When some of our predictor variables exhibit a natural hierarchical structure, we can make use of this information to improve our model. Typically these hierarchical variables variables are *discrete* and *exchangeable*.

Examples: - Individuals in families - Cities in states in countries - Employees in departments in companies

Examples below will consider the hierarchical relationship between cities and states. Although members of a sub-level (e.g. cities) are *somewhat* independent of each other, they are not *completely* independent. Each city provides *some* information that can be used to improve the estimates for all of the other cities.

The question then, is how to effectively “pool” their information together. Partial pooling is a compromise between the two extreme cases of complete pooling (treat all cities the same) and no pooling (treat each city as independent).

### Complete pooling

On one extreme, suppose we treat all data points as members of the same population and take the “grand mean” (collective average).

- This is a good approach if our goal is to make draw conclusions on the data in
*aggregate*. Complete pooling would give us a model with the best possible in-sample fit on the grand mean. - This is a bad approach if our goal is to make predictions on specific data points. Since we entirely ignore heterogeneity across groups, our model will underestimate uncertainty, and hence will be “underfit” to the true variation between individual data points.
- Complete pooling is the “default” linear regression scenario, in which parameters are scalar values rather than vectors.

### No pooling

On the other extreme, suppose we treat each value of a categorical predictor as its own population, completely unrelated from each other.

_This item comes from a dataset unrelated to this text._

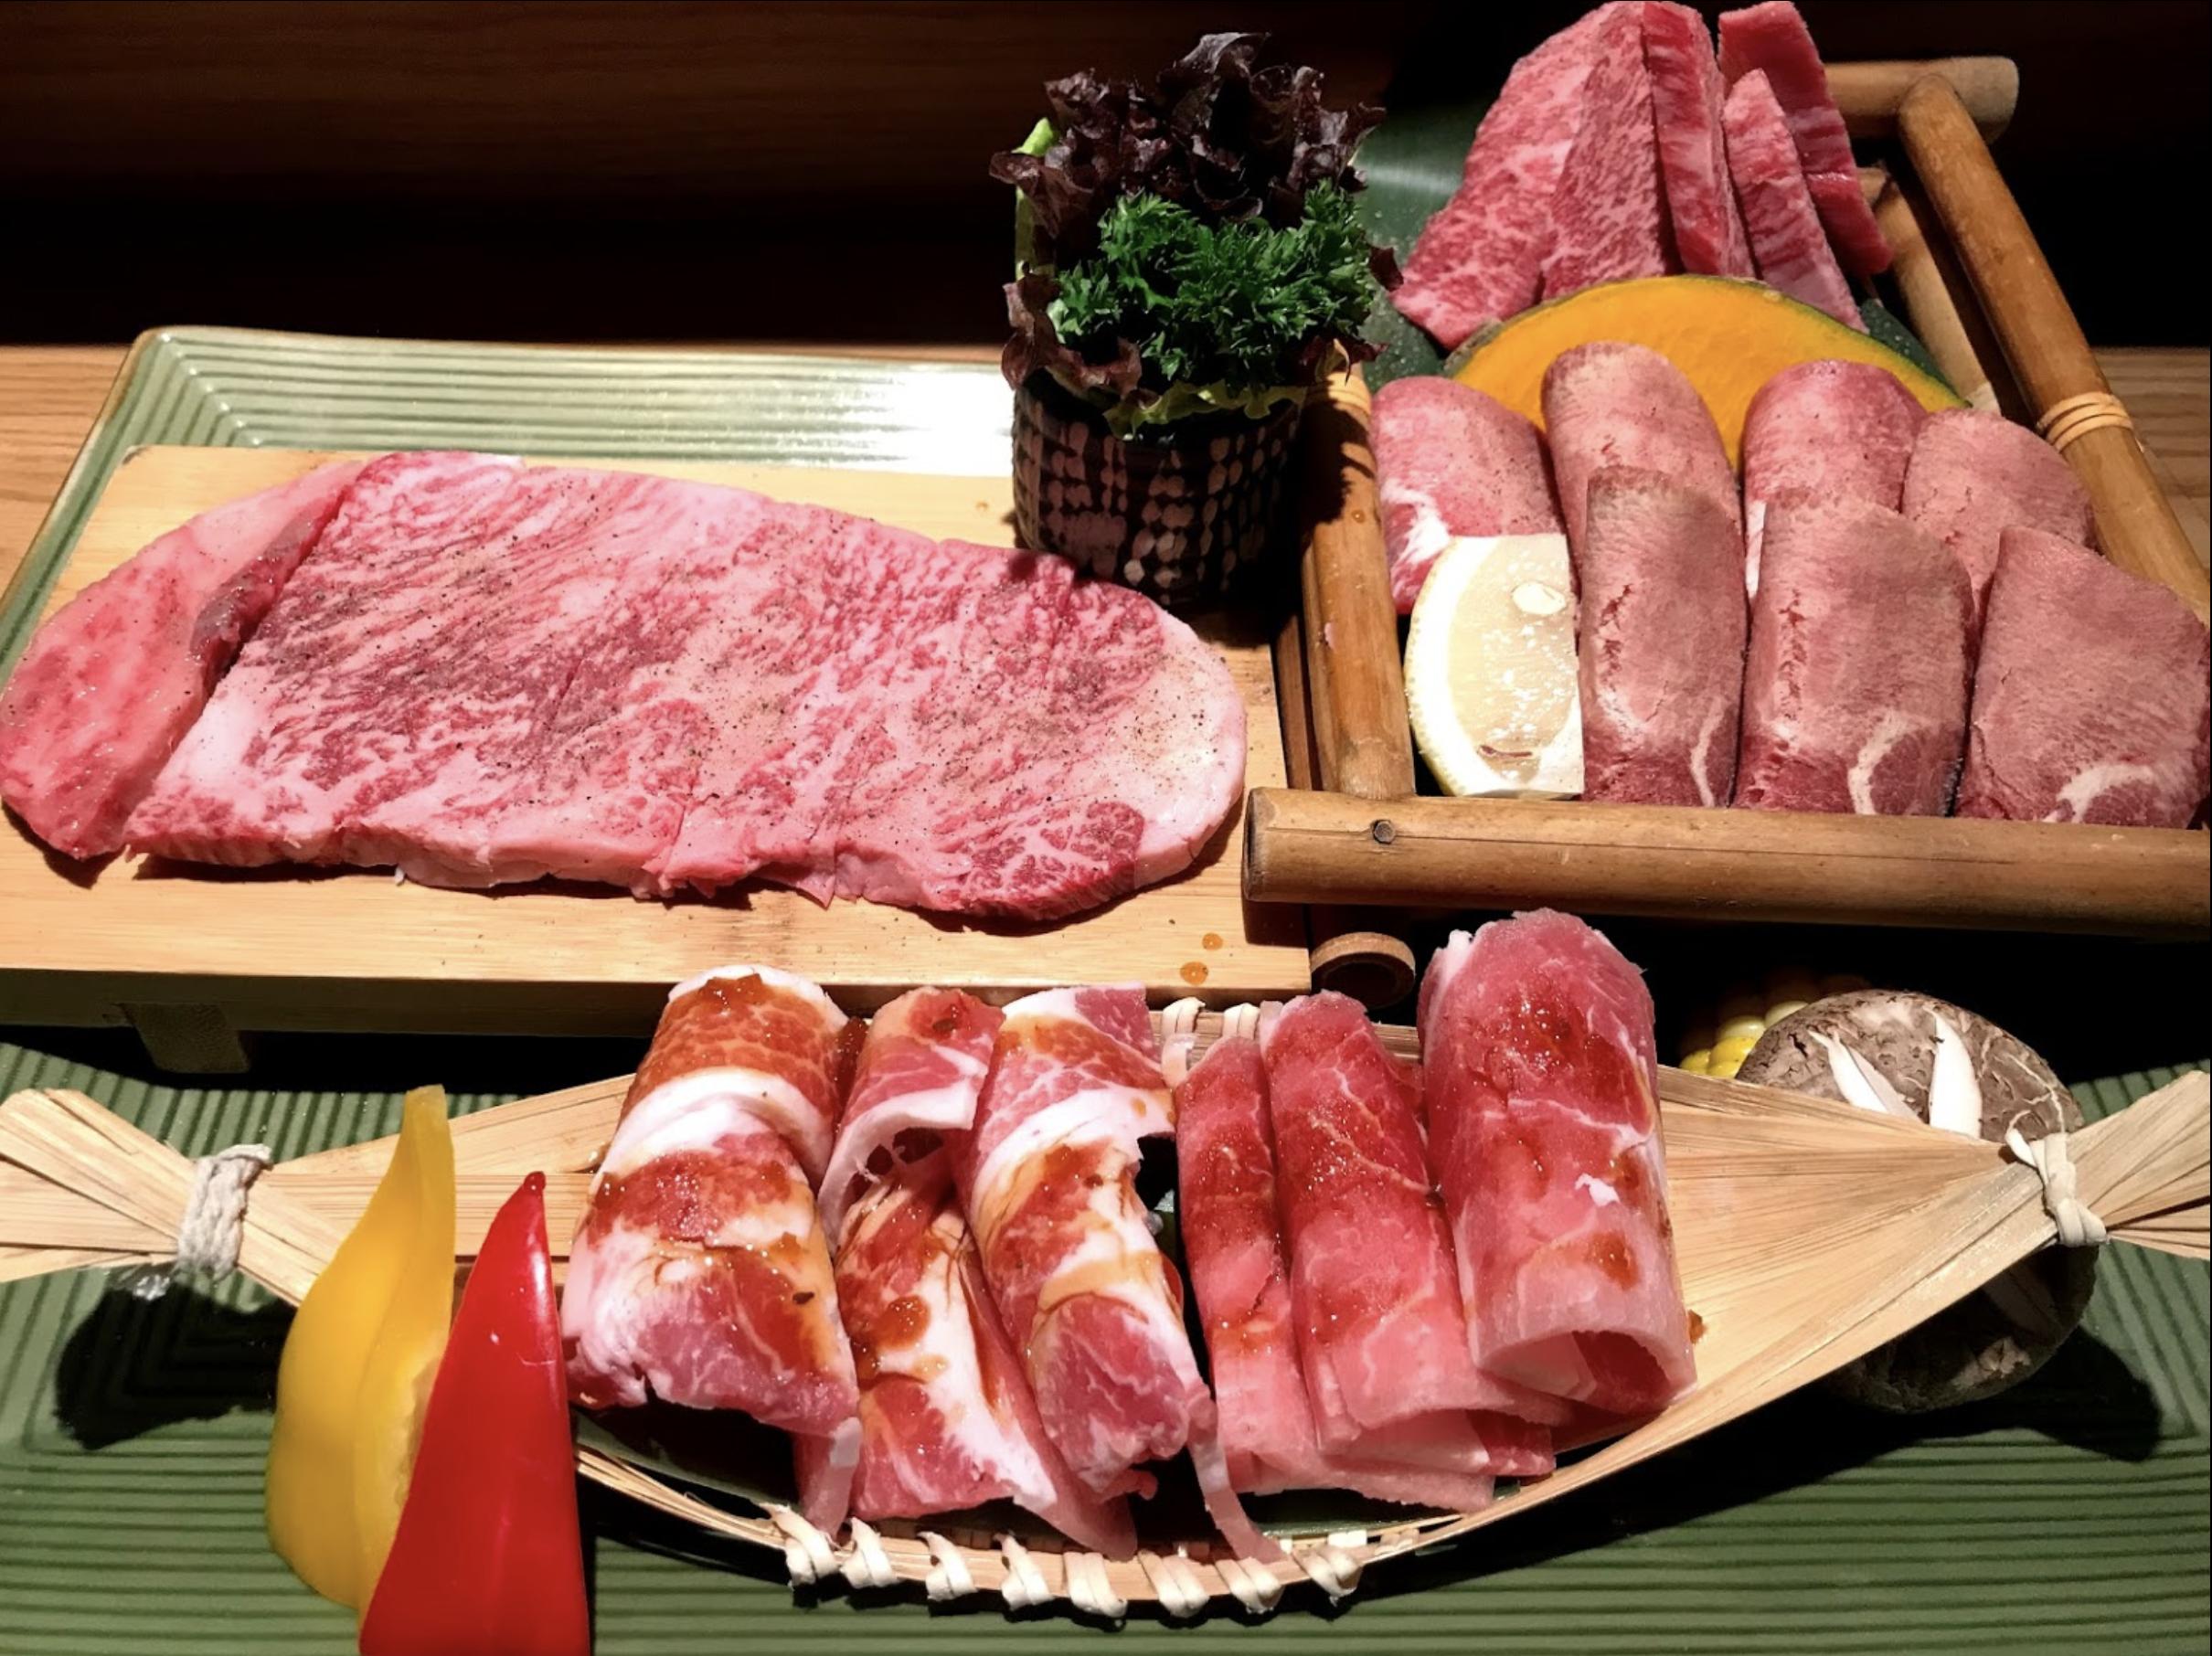 旺角燒肉/和牛燒肉‧純/和牛拼盆有牛肉眼,牛排肉,牛肩眼,五花肉等等。賣相已經好吸引, 擺位整齊精美。 而且拼盆上都有配菜可以一齊燒,燒完和牛仲可以夾菜一齊食,另有一番滋味。

So we treat each city is its own universe, and the data from one provides us zero information about the others.

- Good approach if our goal is to make predictions on a specific city.
- Bad approach if our goal is to make inference on overall population, since we have only city-level estimates.
- Hazard is that this can easily lead to
*overfitting*, since there is zero regularization across groups which are in practice somewhat related. We miss out on the opportunity to make inference about the collective properties of cities.

### Partial pooling

Partial pooling attempts to share information across data points in an optimal way, effectively performing *adaptive regularization*. The degree of pooling is determined by the data itself.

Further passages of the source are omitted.